▸ **Instructions to follow**:
The material below should be copied line for line, please, with pictures omitted.
Top of Provided data
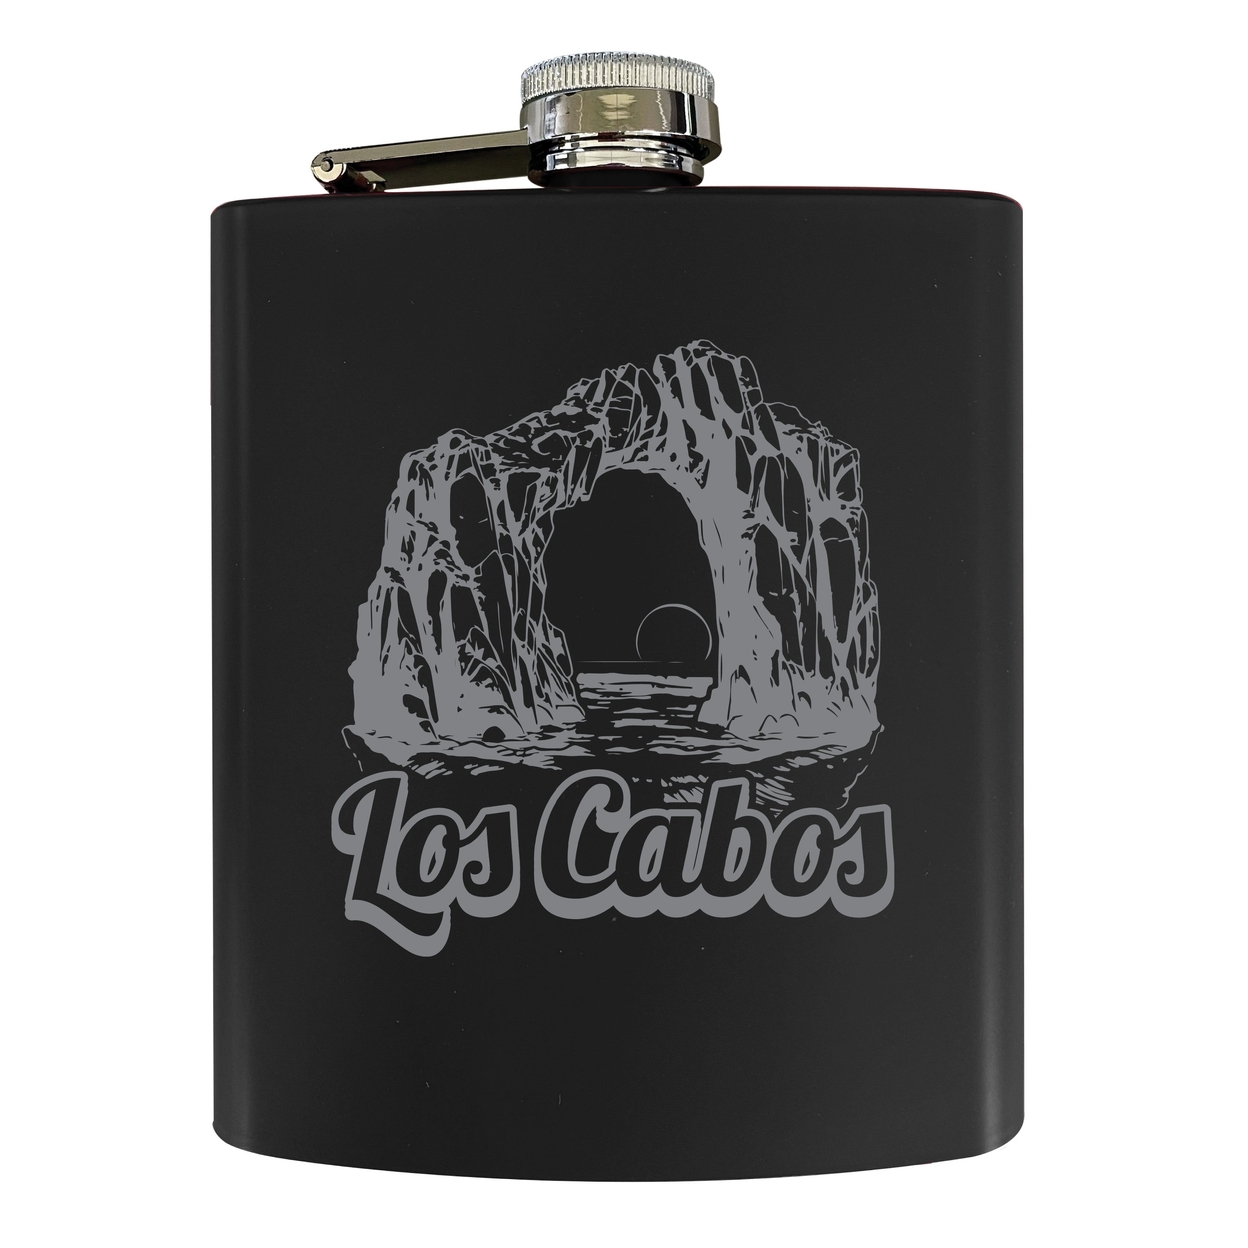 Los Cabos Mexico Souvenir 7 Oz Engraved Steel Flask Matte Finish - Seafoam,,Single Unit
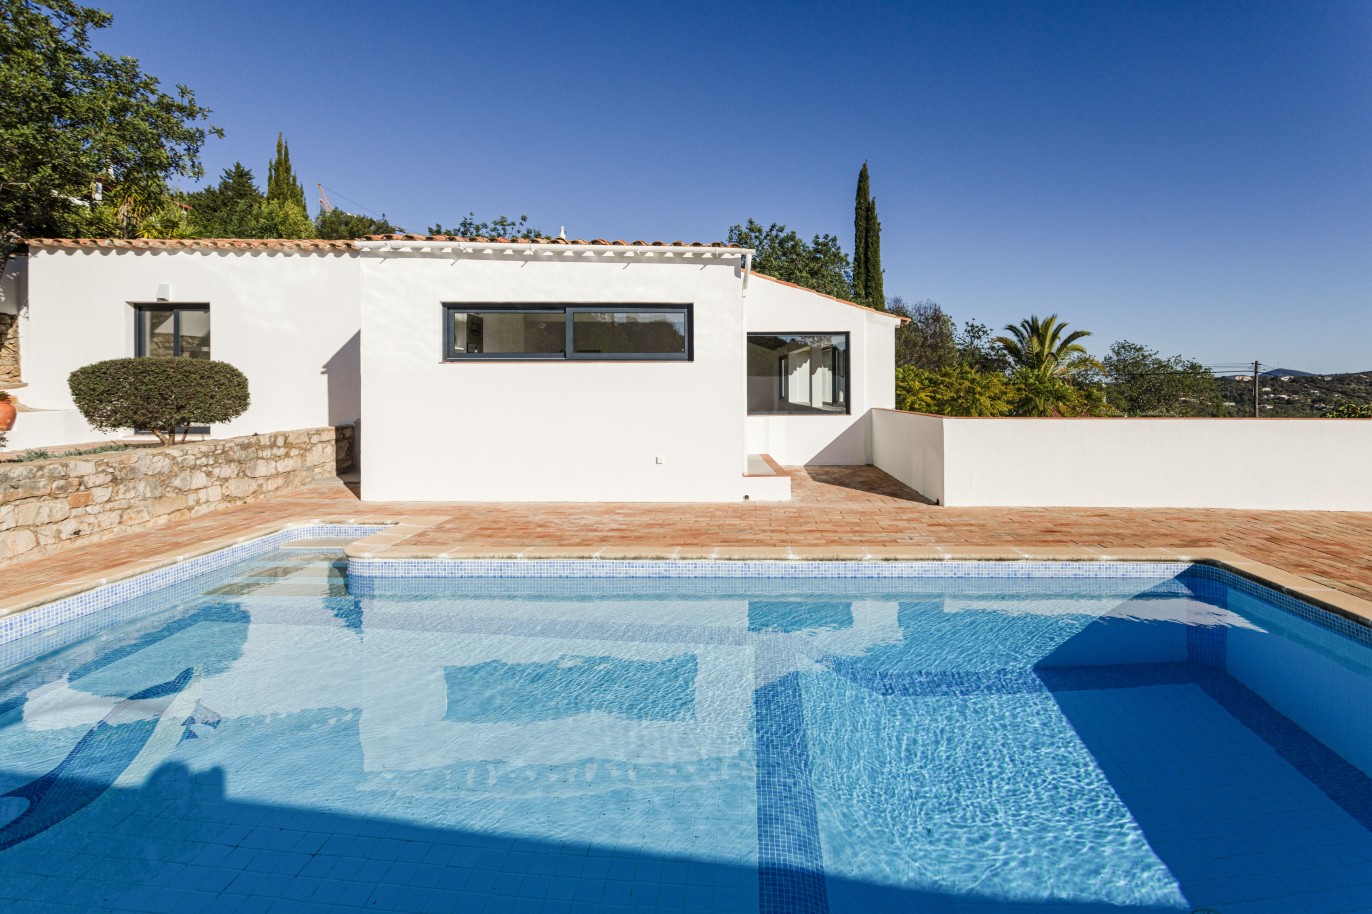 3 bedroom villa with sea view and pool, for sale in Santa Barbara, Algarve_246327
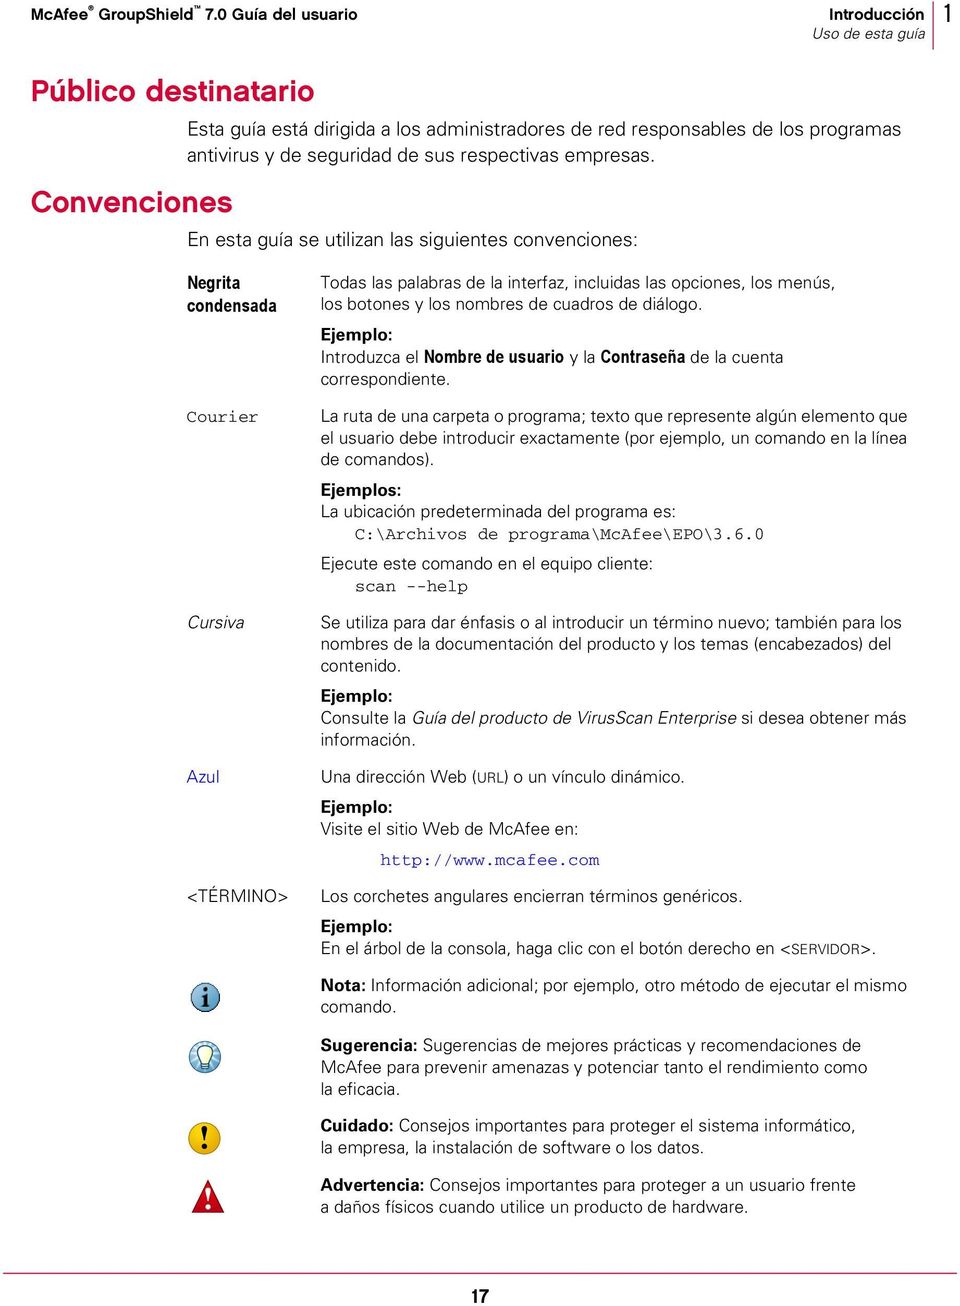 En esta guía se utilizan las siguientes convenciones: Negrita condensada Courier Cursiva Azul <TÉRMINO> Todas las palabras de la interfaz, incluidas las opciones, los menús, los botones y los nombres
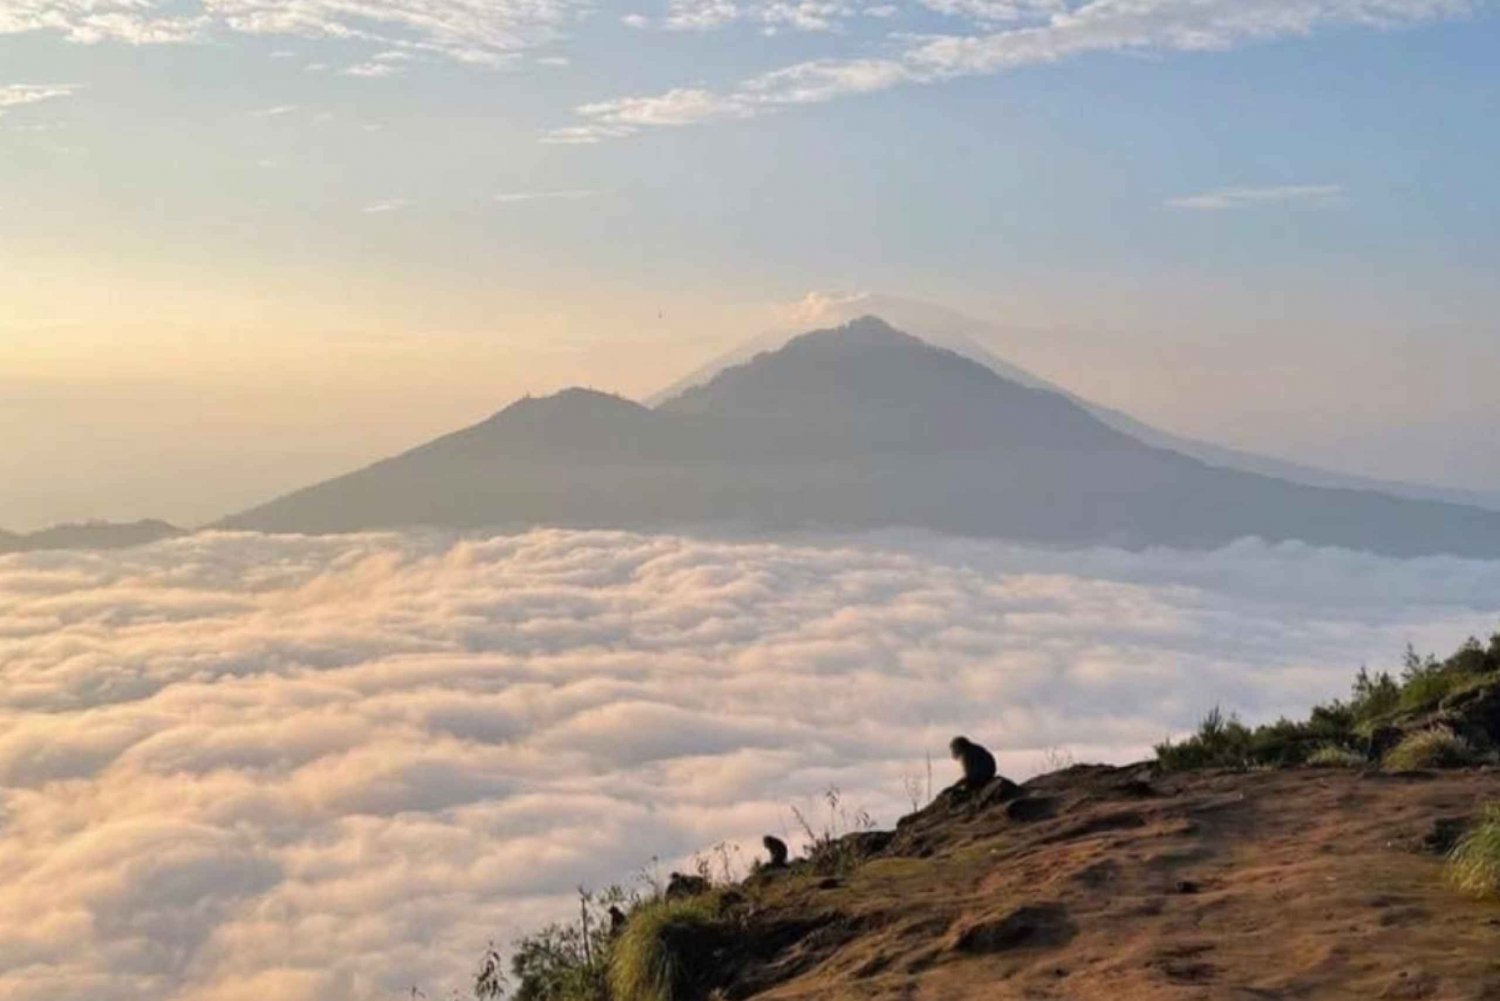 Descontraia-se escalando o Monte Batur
Bottom of Provided data
▸ **Solution to this task**:
 Los Cabos Mexico Souvenir 7 Oz Engraved Steel Flask Matte Finish - Seafoam,,Single Unit
 3 bedroom villa with sea view and pool, for sale in Santa Barbara, Algarve_246327
 En esta guía se utilizan las siguientes convenciones: Negrita condensada Courier Cursiva Azul <TÉRMINO> Todas las palabras de la interfaz, incluidas las opciones, los menús, los botones y los nombres
 Descontraia-se escalando o Monte Batur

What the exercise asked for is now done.